[Editor’s Note: Today’s guest post is from Warrior Mom Jessica Watson. Jessica is a mom to five, four in her arms and one in her heart, and today she’s sharing her experience with the blurred lines between grief and postpartum depression after perinatal loss. You can find her wearing her heart on her sleeve at her personal blog Four Plus an Angel or on twitter @jessbwatson. -Katherine]

The Blurred Lines Between Postpartum Depression and Grief After a Lost -postpartumprogress.com

October will be five years since I lost my daughter. One of triplets, she passed away while still in the NICU. Somehow I think nearing five years without her makes me some sort of veteran of grief, an expert in something I never wanted to know a thing about.
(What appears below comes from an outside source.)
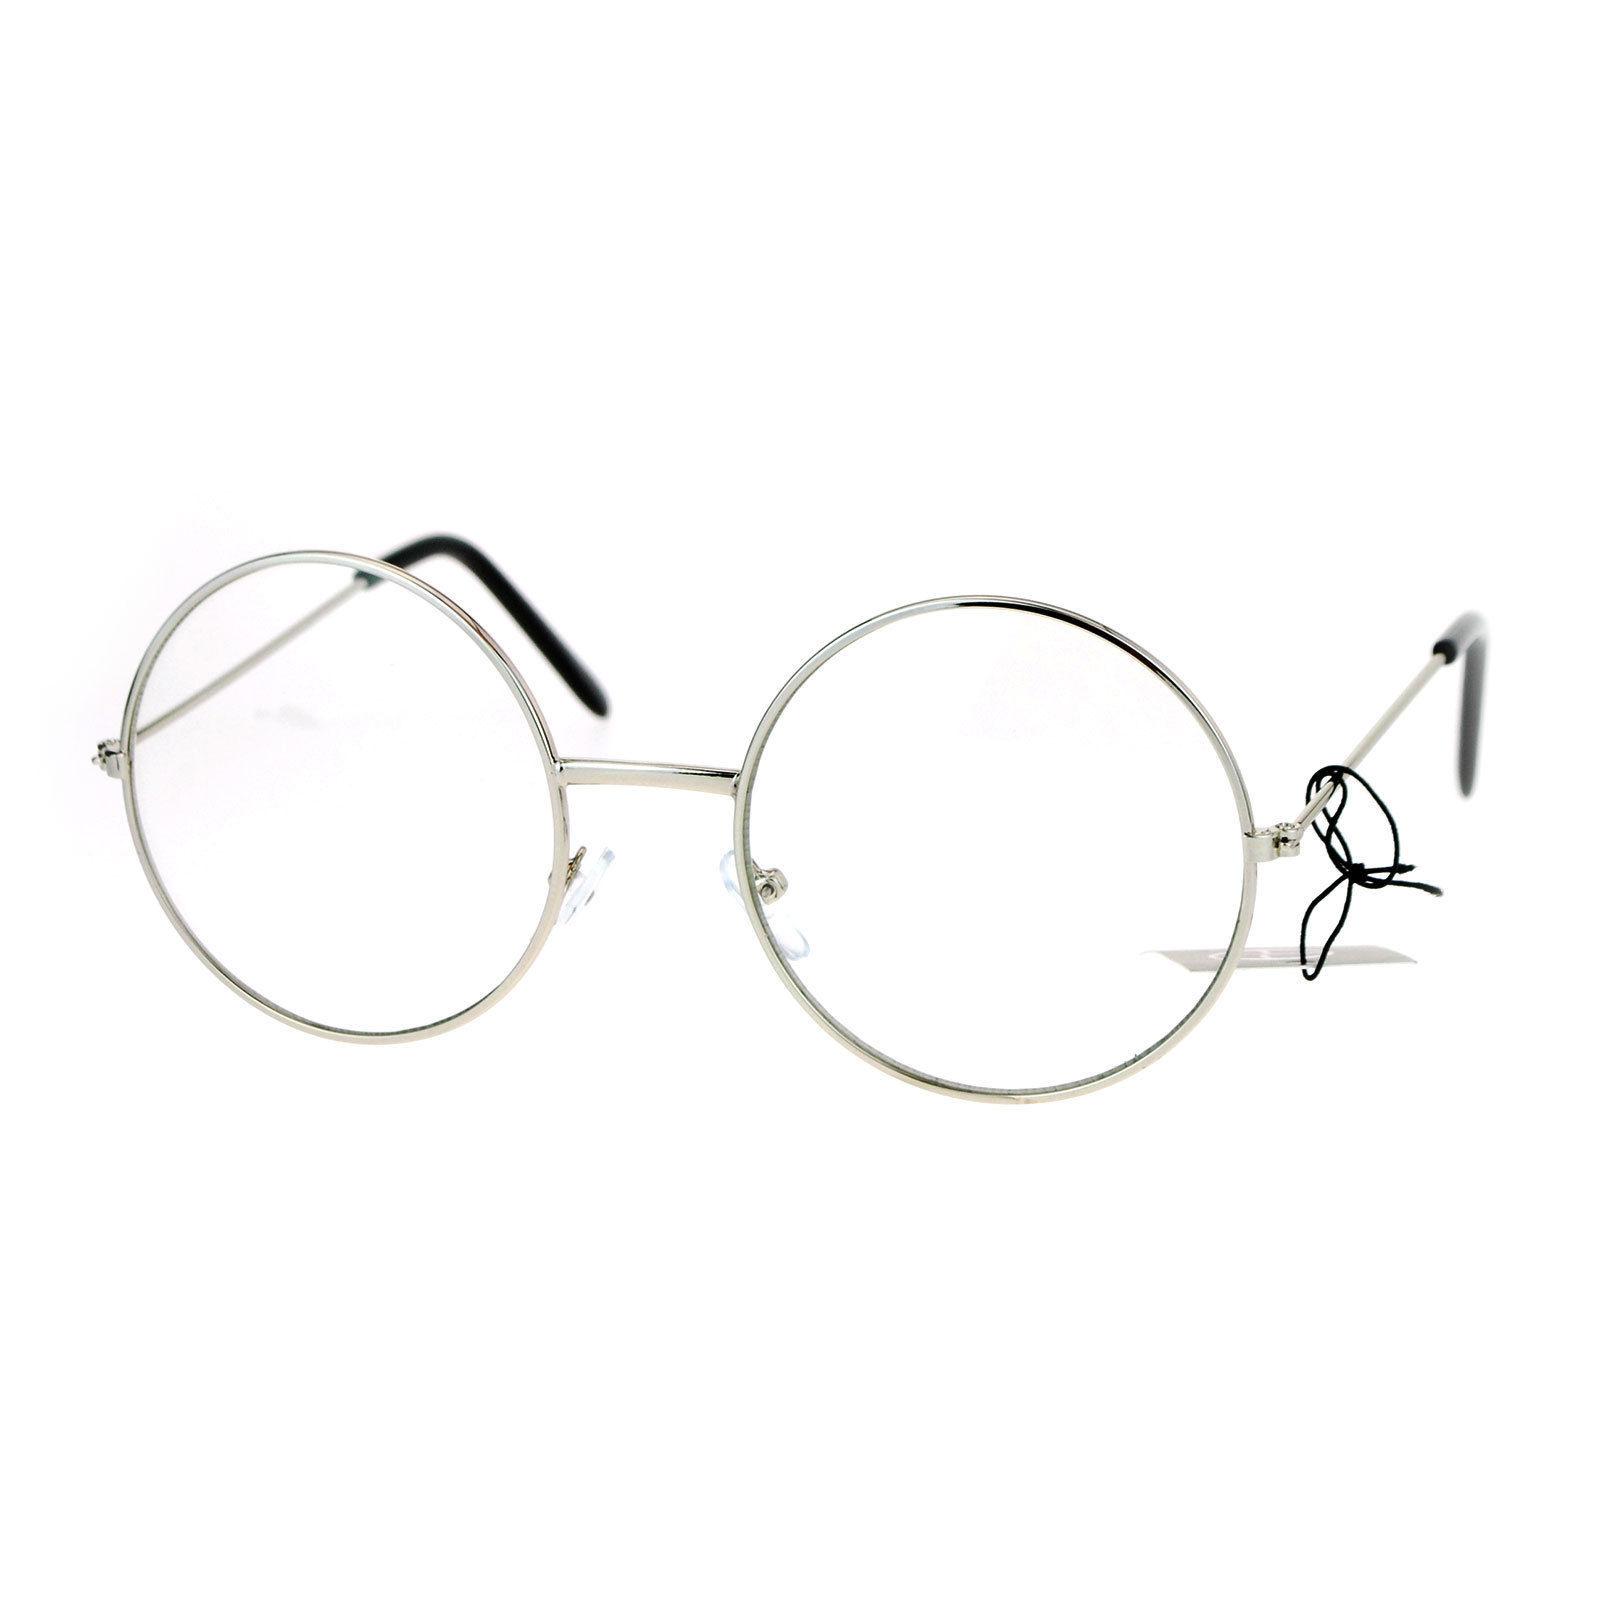 Clear Lens Eyeglasses Unisex Fashion Round Circle Metal Frame UV 400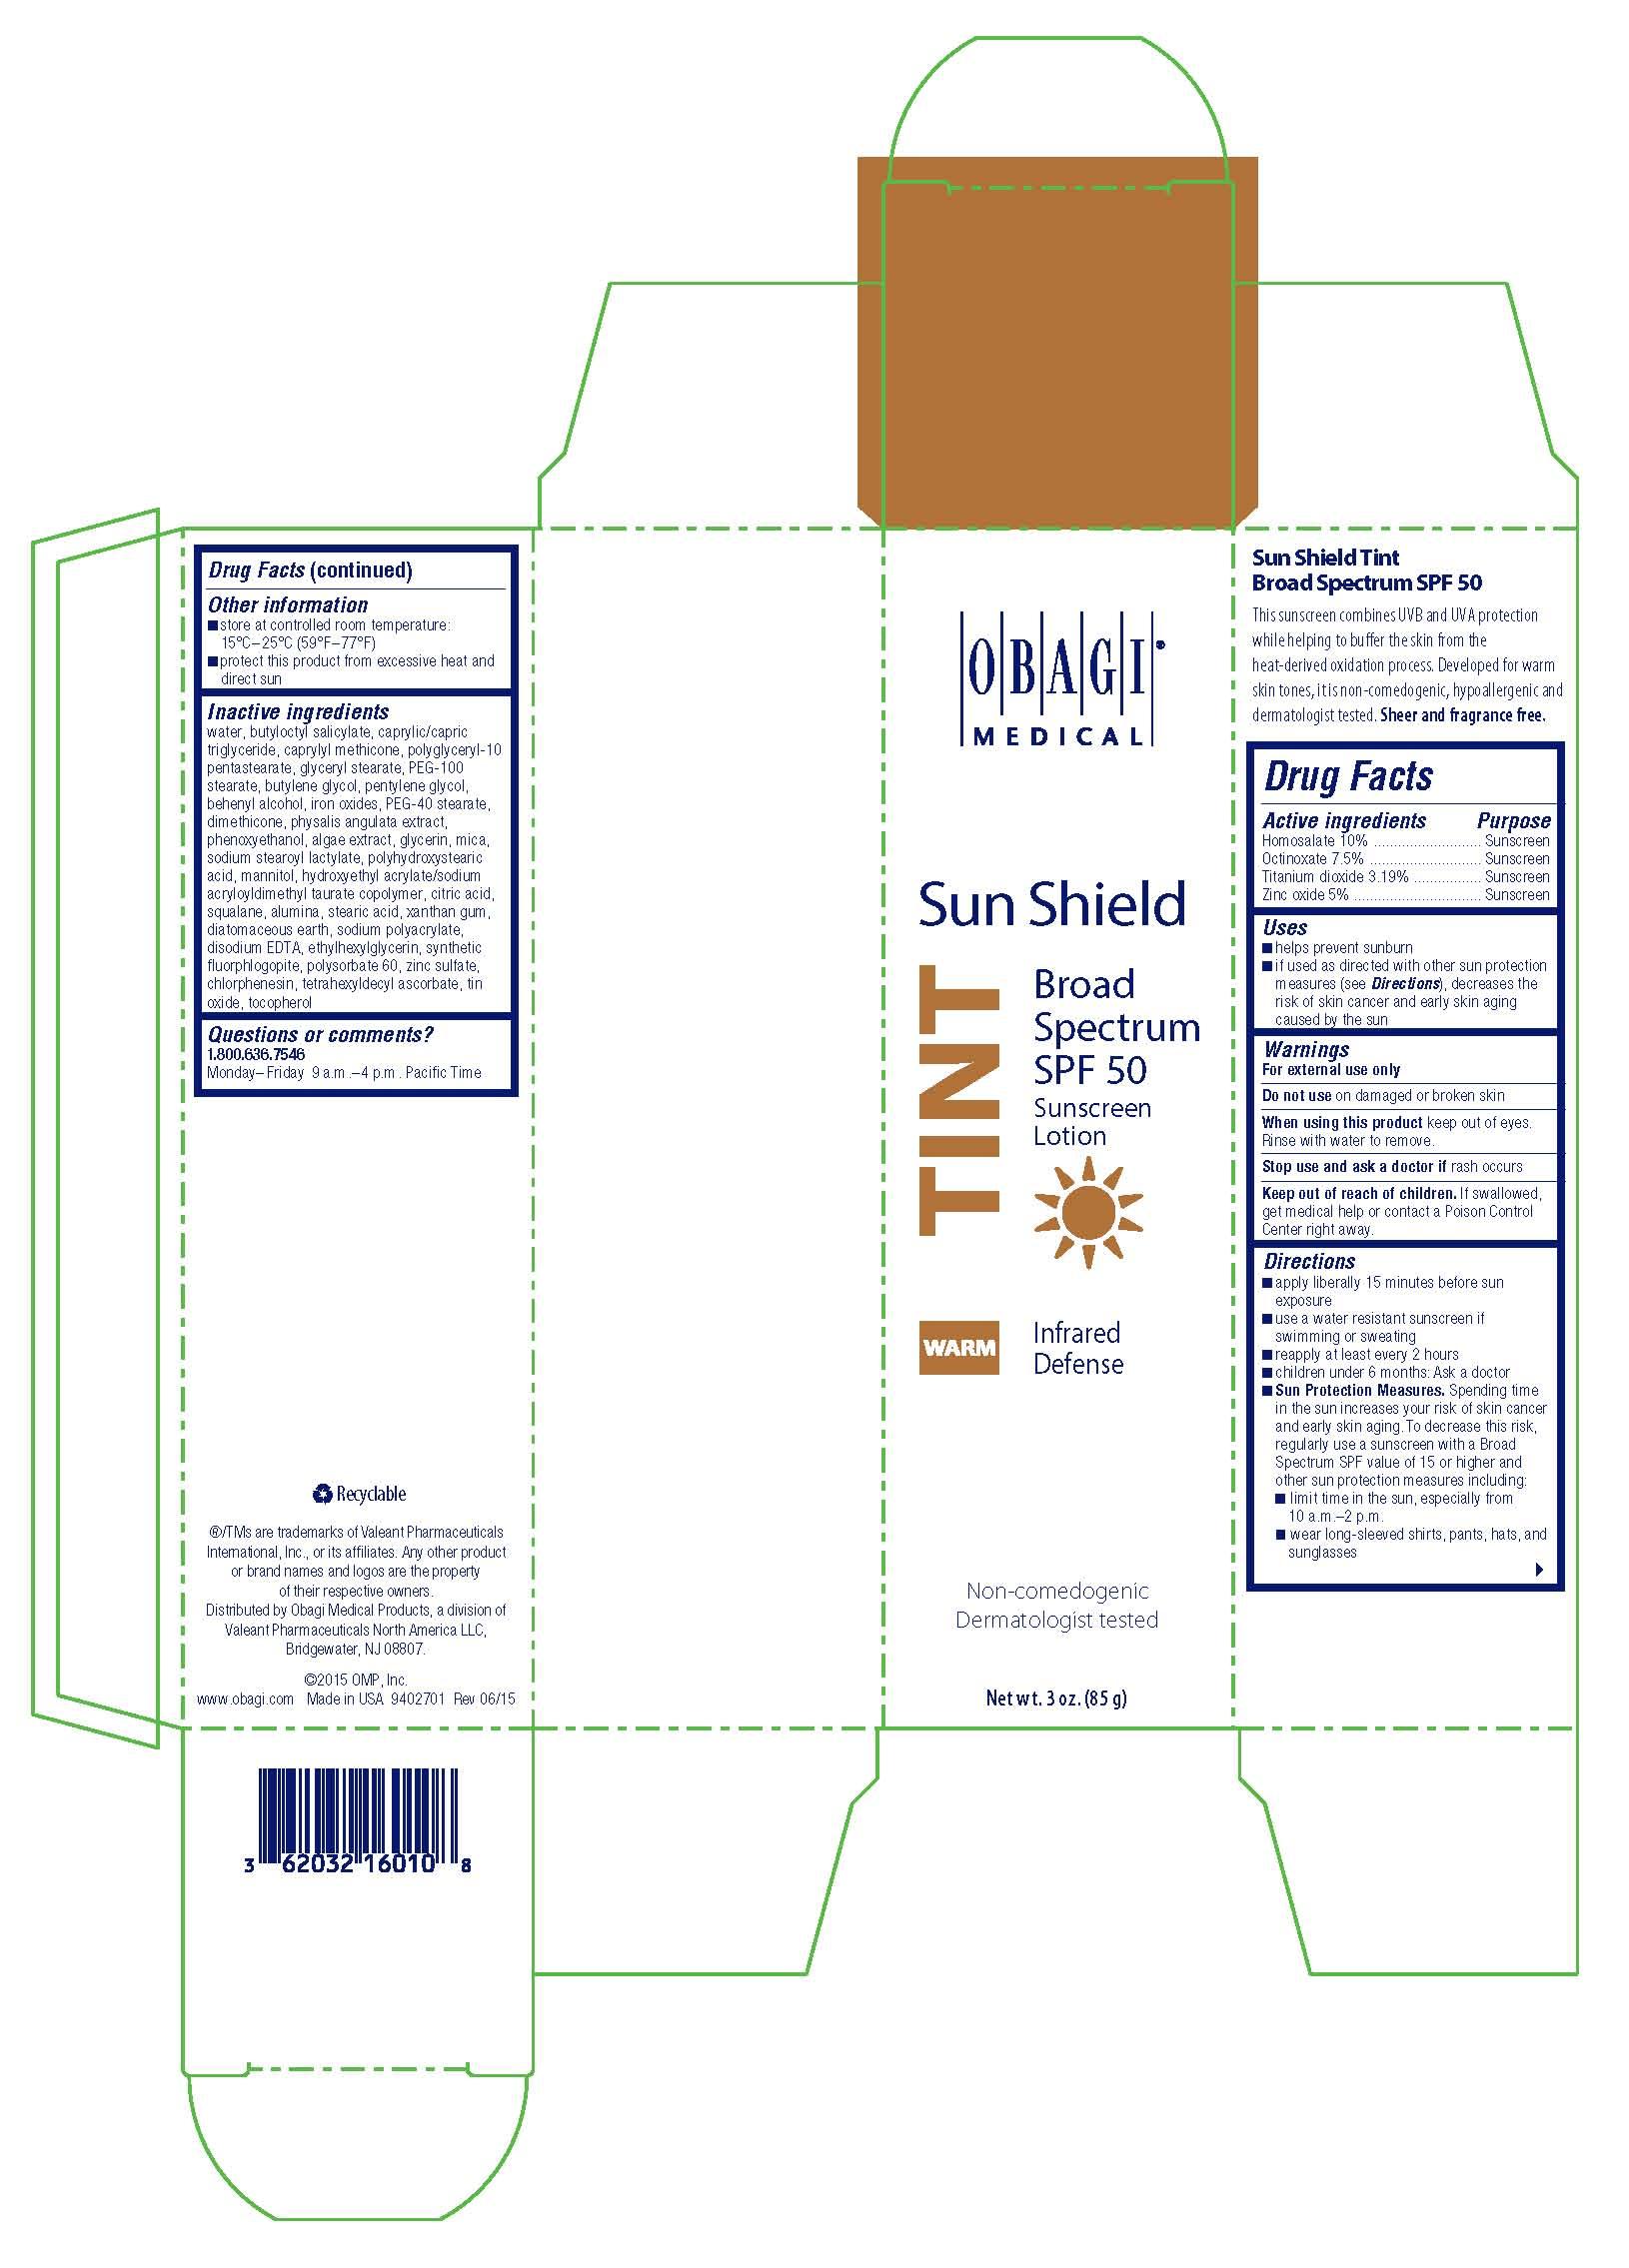 Obagi Sun Shield TINT Warm Sunscreen Broad Spectrum SPF 50 Carton

I am often asked by moms new to this process how I felt in those early days and months after saying goodbye to my daughter. My first response would be to say I felt like I had been hit by a semi truck and left to lay in the gravel, bruised beyond recognition. But that is not what they want to hear. They want to measure where they are at with where I was. They want to know if they are doing it “right.” They want to know if I was depressed, if I took medication, if they should listen to the people telling them what they should be thinking, feeling, and doing by now.

The lines of loss and grief and postpartum depression are so blurred I could not see them clearly, and I know very few loss moms who can. What I can say is, after my subsequent pregnancy, one that did not involve loss, I felt many of the familiar feelings return. The paralyzing grief was not there but the weight of my feet was just as heavy. I did not answer the phone or enjoy conversation or feel the responsibility to smile at anyone but my children. I still remember the day I hid in the basement, shh-ing my children so unexpected guests would not know we were at home. How dare they arrive happily with gifts in hand? I was not feeling light and carefree and their visit was somehow a slap in the face to my feelings. I didn’t even have the energy to turn the doorknob.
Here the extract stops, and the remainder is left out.